俺は、何かに導かれるように、そっとベッドに近づいた。
陽菜の小さな手が、父親の点滴だらけの手に触れた。
シワだらけで、冷たい老人の手と。
小さくて、温かい赤ちゃんの手。
「……!」
父親が息を飲んだ。
陽菜は、その手をギュッと握りしめ、そして無邪気な笑顔で言った。
「……じ、じ!」
え?
ただの喃語だ。
意味のない言葉の羅列だ。
でも、その場の全員には、明確にそう聞こえた。
「じ……じいじ?」
高貴さんが呆然と呟く。
詩さんも目を見開いている。
そして、誰よりも動揺していたのは、父親自身だった。
「……いま……」
父親の瞳が、大きく見開かれる。
酸素マスクの下で、口が震えている。
「じいじ、と……言ったのか……?」
陽菜は、そんな大人の事情など知る由もない。
ただ、目の前のおじいちゃんが反応してくれたのが嬉しいのか、さらに畳み掛ける。
「じじ! きゃはっ!」
満面の笑み。
邪気のない、純度100パーセントの天使の笑顔。
それは、どんな頑固な鎧も、一撃で粉砕する最強の武器だった。
あの冷酷な父親の目から、ツーーーっと涙がこぼれ落ちた。
「……そうか。……じいじ、か」
震える声。
そこにはもう、威圧感も、頑固さもなかった。
ただの、孫にデレデレになりかけた、一人の弱った老人。
父親は、繋がれていない方の手をゆっくりと動かし、陽菜の小さな手をそっと包み込んだ。
「…………じいじ……か」
その一言が、全てを溶かした。
「……お父様」
父親は、涙を流しながら、俺を見た。
その目は、初めて「人間」の目をして俺を見ていた。
「……君」
「……はい」
「……この子は……天使だな」
「はい。俺たちの、自慢の娘です」
俺が答えると、父親は力なく、しかし満足そうに頷いた。
「……そうか。……自慢の、娘か」
彼は、詩さんの方を見た。
「……詩」
「…………はい」
「……お前も、幸せそうな顔をしているな。前にあった時よりも、ずっと」
詩さんは大きく頷いた。
「はい。私、今すごく幸せです」
「……そうか。……なら、いい」
父親は、ふっと力を抜いた。
それは、長い長い戦いが終わった瞬間だった。
「……悪かった。今まで」
消え入りそうな声での謝罪。
あのプライドの塊のような男が、娘に頭を下げたのだ。
「……もう、いいです」
陽菜もつられて「うあー」と声を上げるが、その手はずっとおじいちゃんの指を握ったままだ。
俺は、その光景を静かに見守っていた。
ただ「存在するだけで愛される」という陽菜の力が、閉ざされた扉をこじ開けたのだろうか。
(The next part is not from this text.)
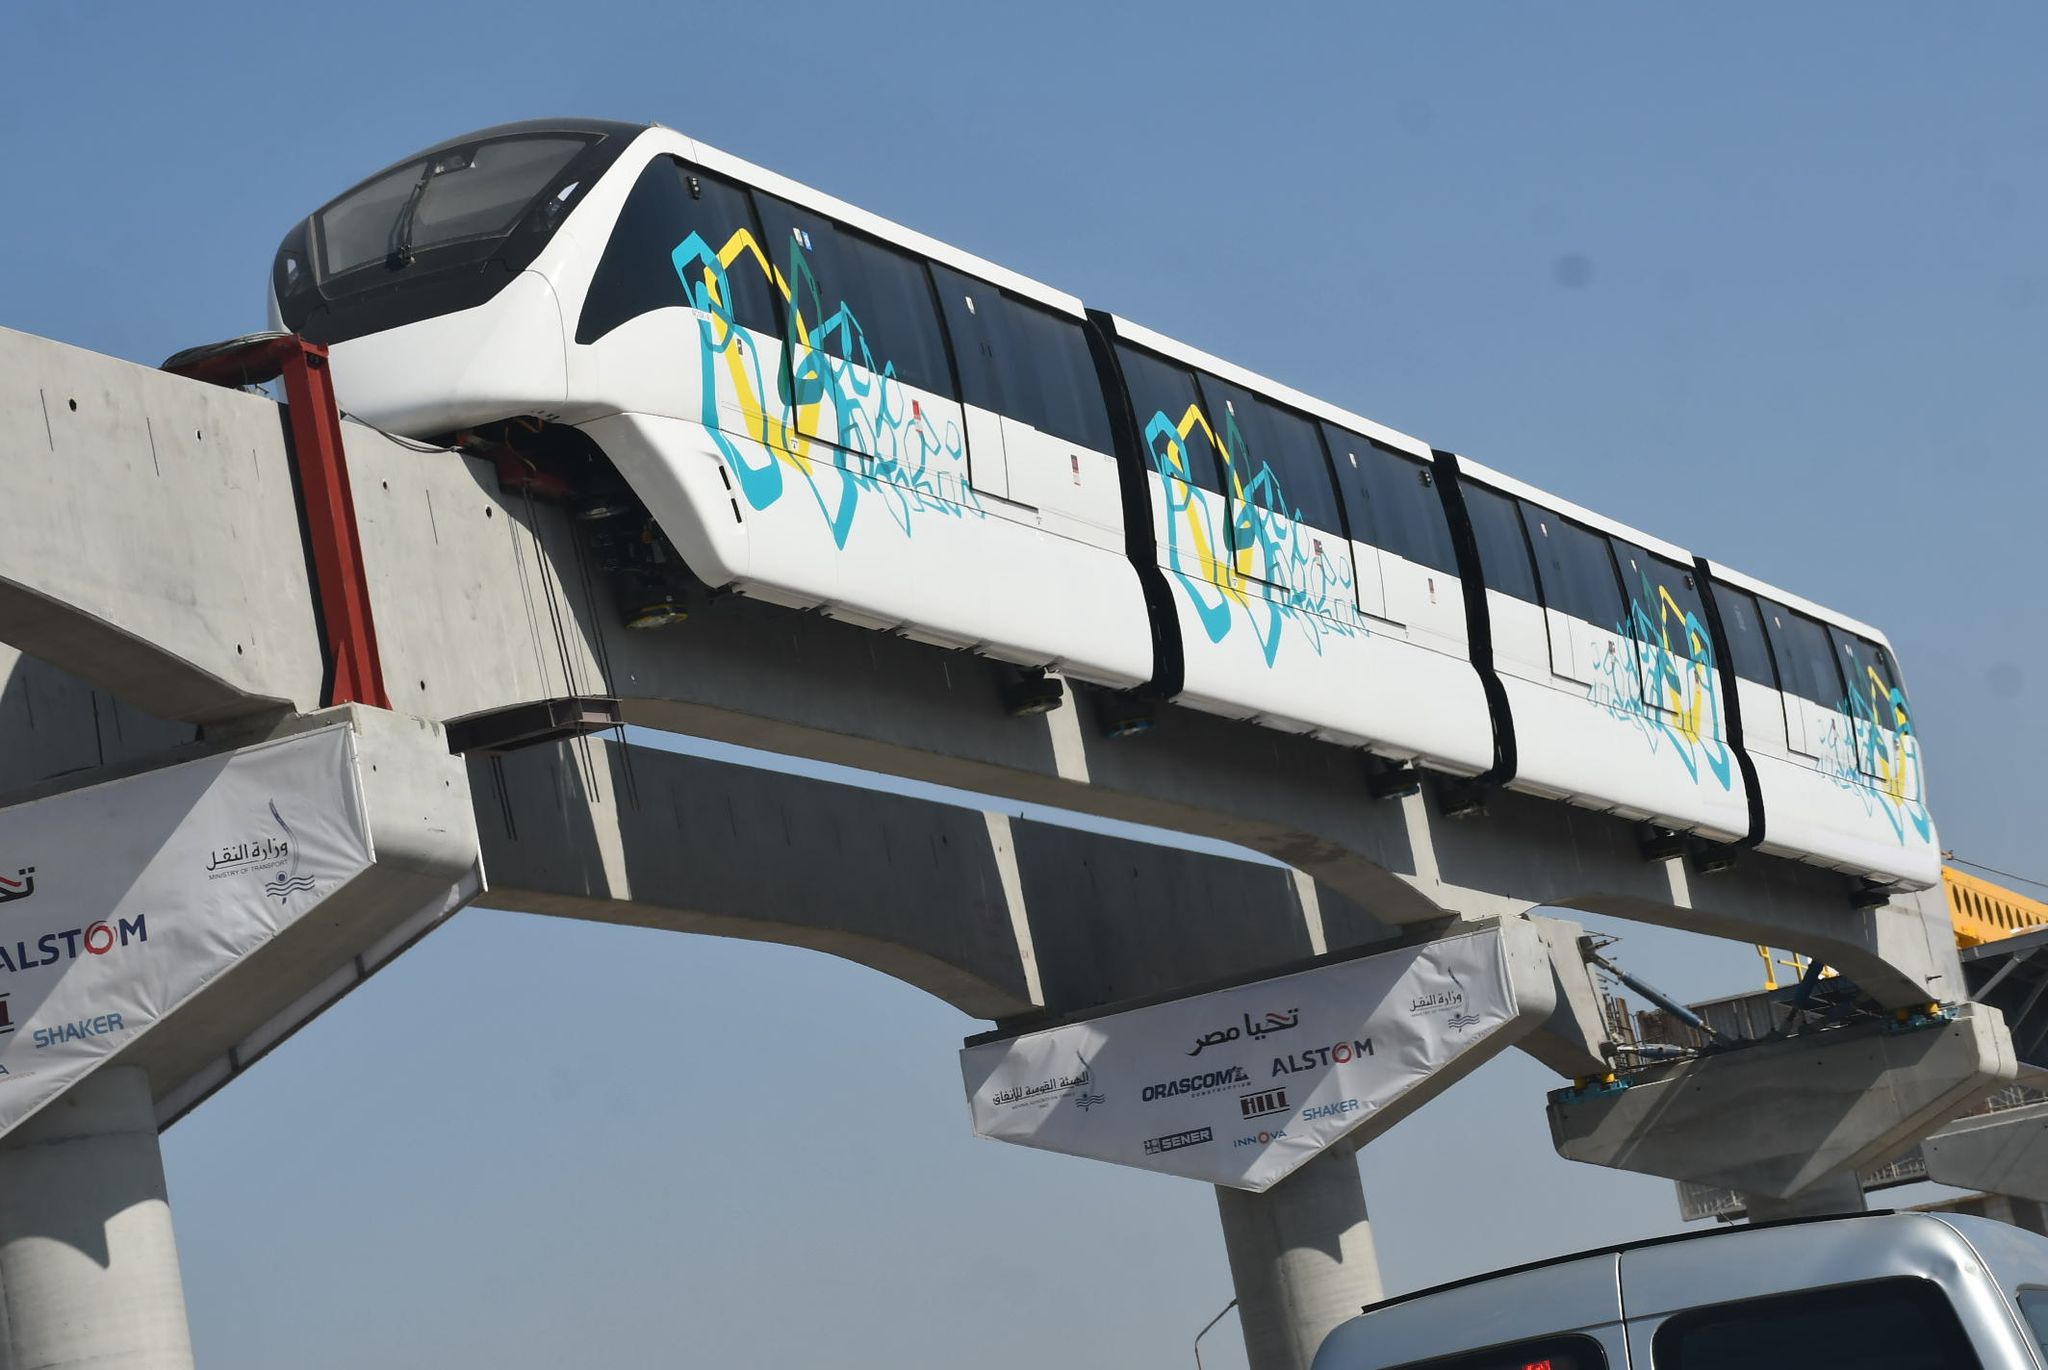 Transportation: “Monorail” represents a major cultural shift in fast, modern and safe mass transportation.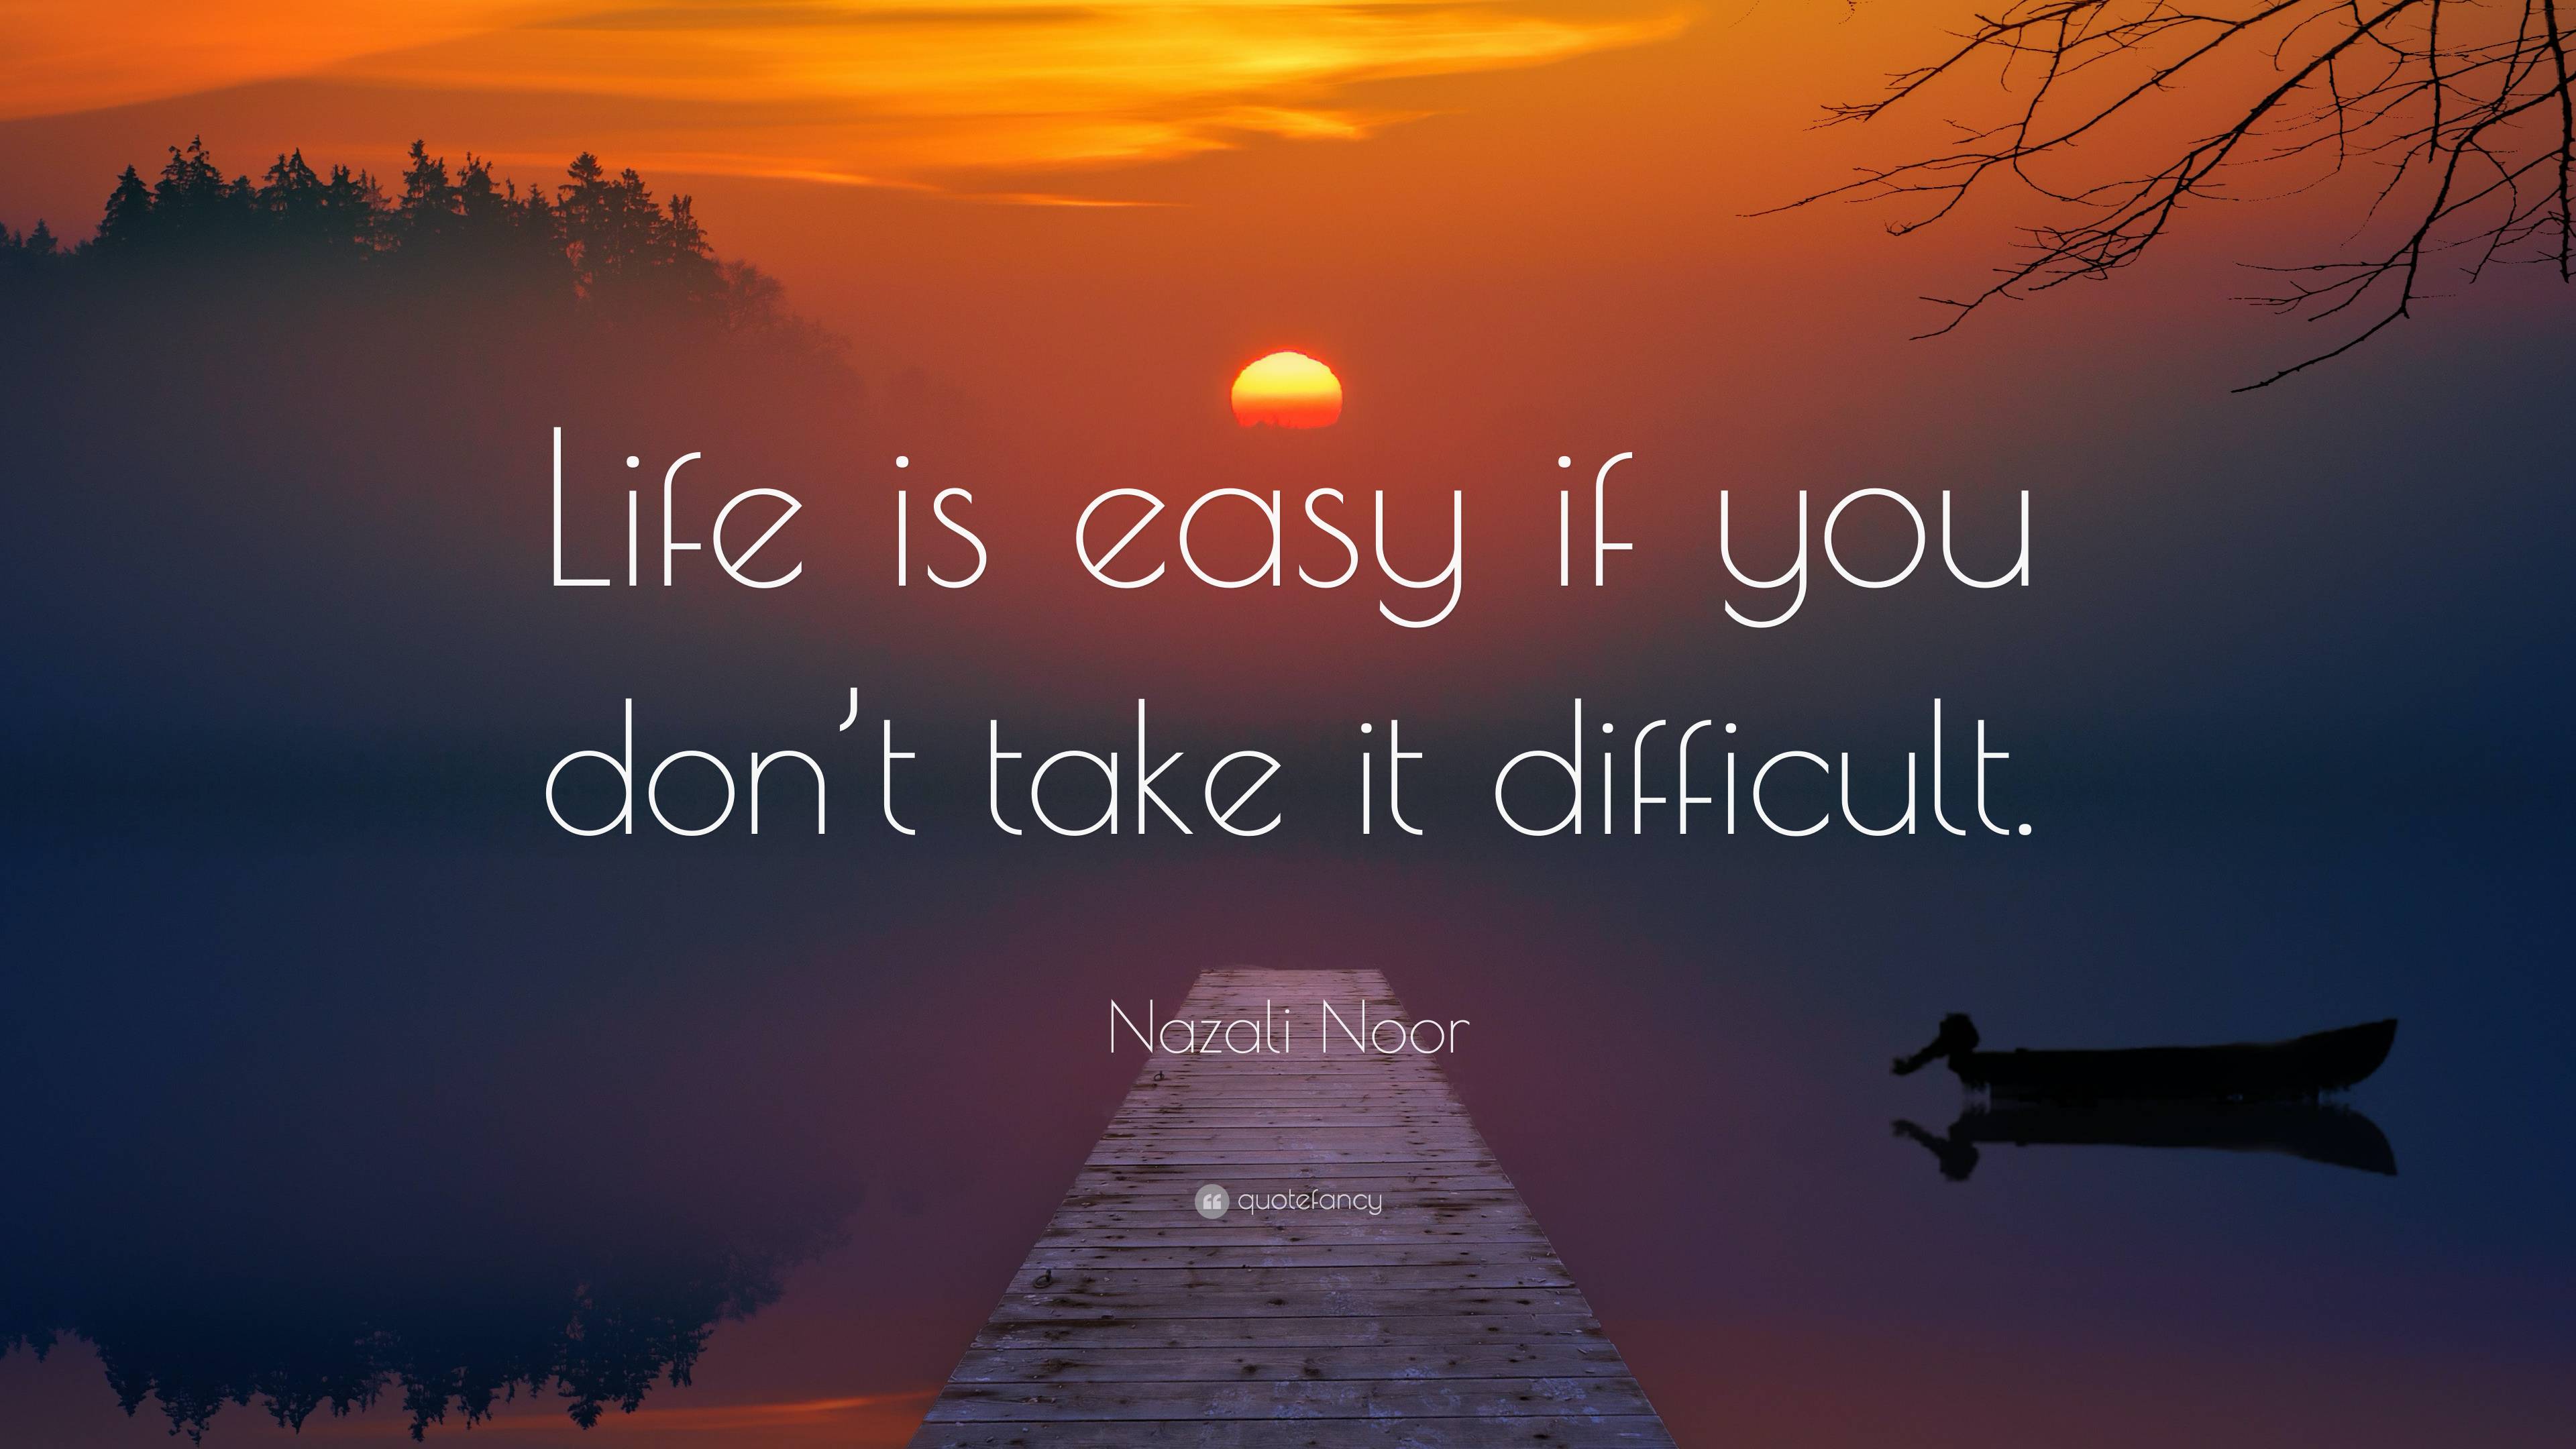 Nazali Noor Quote: “Life is easy if you don’t take it difficult.”

それとも、素直になれなくて、こじらせた父親が、何かのきっかけを求めていただけだったのだろうか?
もしかしたら……マンションに来たあの時も、この人はきっかけを求めていたのか?
あんな結末を望んでいたわけじゃなかったのかもしれない。
……だって、この詩さんと、あの真面目で誠実そうなお兄さんの親だぞ。
そうだ……この人が根っからの悪人なわけがない。
でなきゃ、2人の子供を、こんなに立派に育て上げられるわけがない。
陽菜ひとりを育てるだけで……俺は毎日死にものぐるいなのに。
親の立場に立ってみればわかる。
それがどれだけ凄いことか。
……そして、やっぱり陽菜は、天使だ。
俺と詩さんを結びつけ、そしてこれだけこじらせたおじいちゃんすらもたった数秒で、1発の笑顔で、再生させてしまった。
「……ありがとうな、陽菜」
俺は陽菜の頭を撫でた。
陽菜は「えっへん」と言わんばかりに胸を張り、また「じじ!」と叫んで、病室を温かい笑いで包み込んだ。